Paul, what you should take away from this discussion (I’ll try to
summarize what other’s have said already):

• All variables hold references to objects.*
• Assignment copies an object reference and stores it in a variable.
• String literals are really object constructors, i.e. they create a
  new object whenever evaluated. (Don’t worry, behind the scenes this is
  made efficient.)
• There are immutable classes (most numeric classes, nil,
  TrueClass…) and mutable classes (all others including String).
• Arithmetic operators return a reference to a new instance in order
  to make math work properly (a + b + a would return wrong results if
  the first + changed state of a and returned a reference to the mutated
  a).

• Note that this is not completely true in terms of the
  implementation of MRI but it is true from the perspective of the
  language user.

Kind regards

robert

Wow, everbody has been so kind and helpful to a newbie. I shall save
all this stuff off. Meantime, thank you all and Merry Christmas!

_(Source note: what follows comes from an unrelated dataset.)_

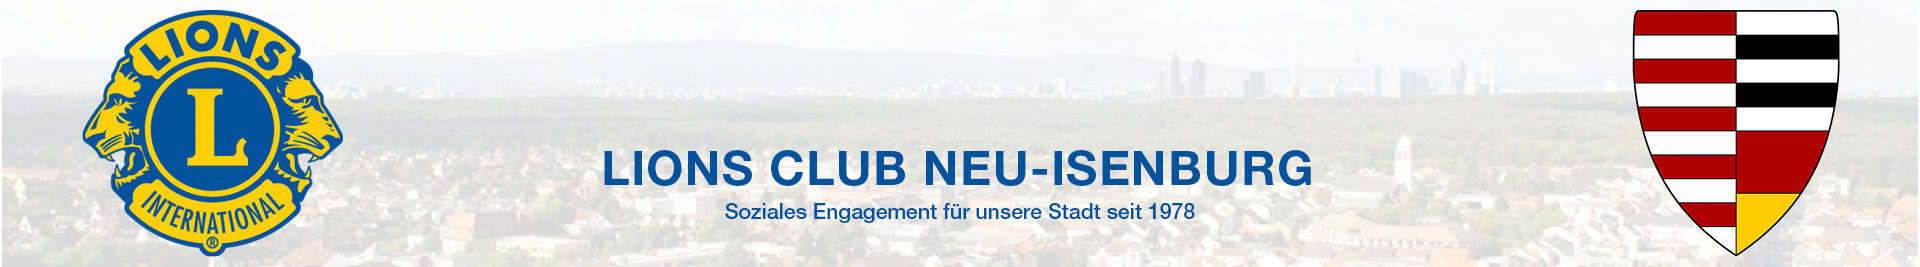 Lions Club Neu-Isenburg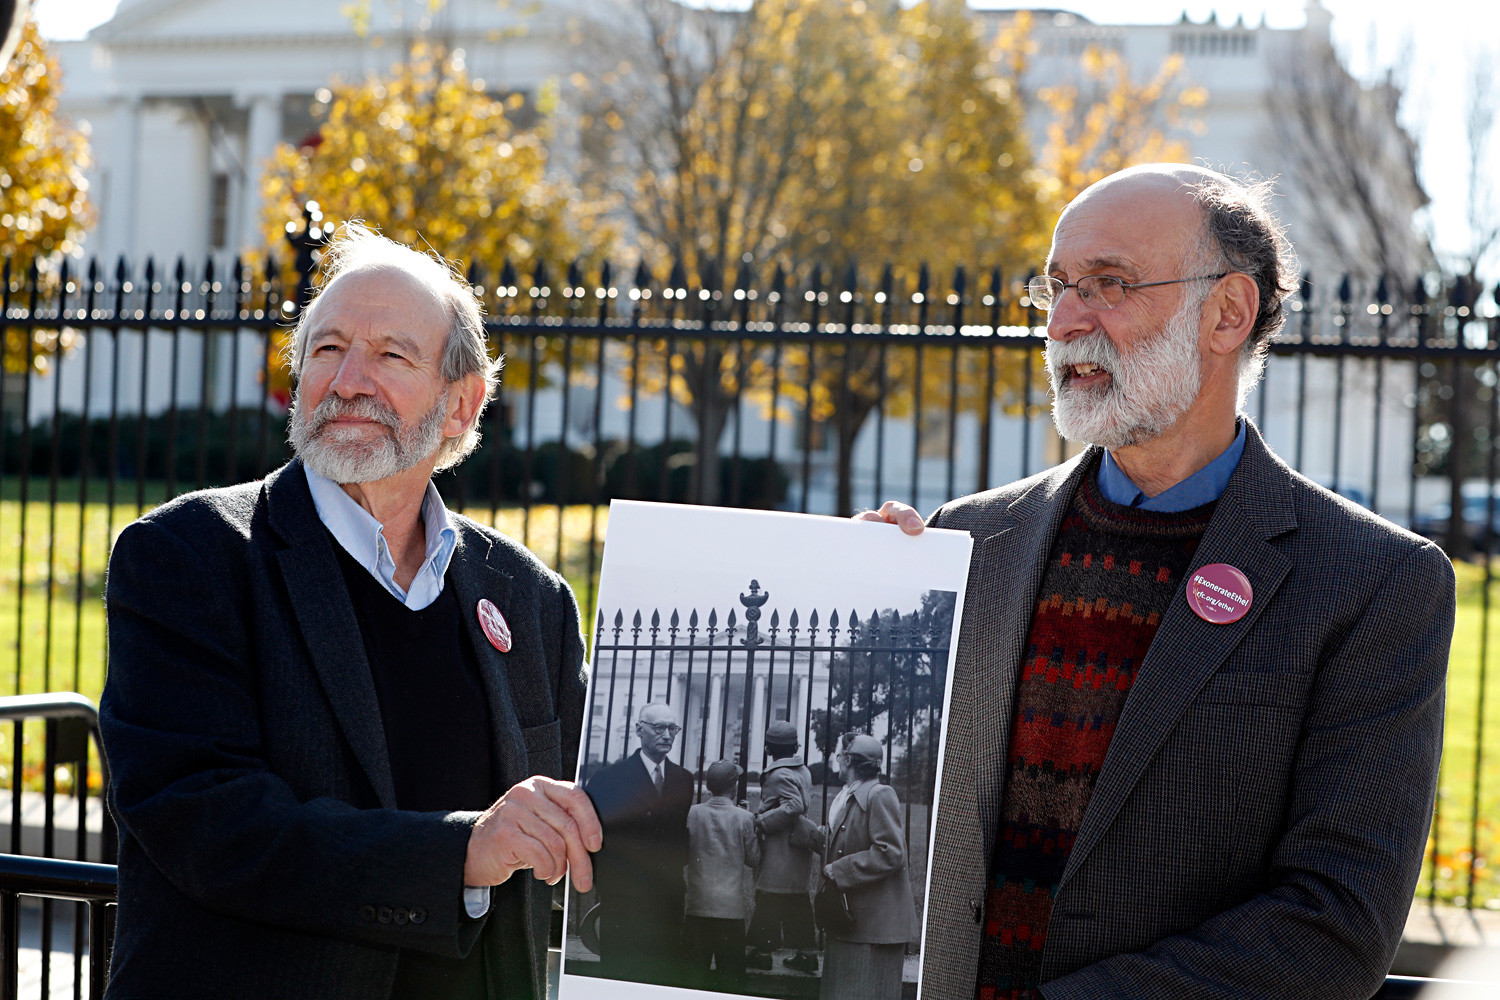 Michael Meeropol et son frère Robert Meeropol aux abords de la Maison Blanche lors d'un rassemblement, le 1er décembre 2016, pour réhabiliter le nom de leur mère, Ethel Rosenberg.

Robert K. wrote in post #1090092:

• All variables hold references to objects.*

And this is a huge breath of fresh air compared to, say, Perl, where
arrays and arrayrefs are two different types of value, similarly hashes
and hashrefs, and a whole bunch of other special cases.

In ruby, all values are references to objects. Even integers.

a = -3
=> -3

a.to_s
=> “-3”

a.abs
=> 3

So consistently:

• everything is pass-by-value
• every value is a reference to an object

But as you have discovered, many objects are mutable, including strings.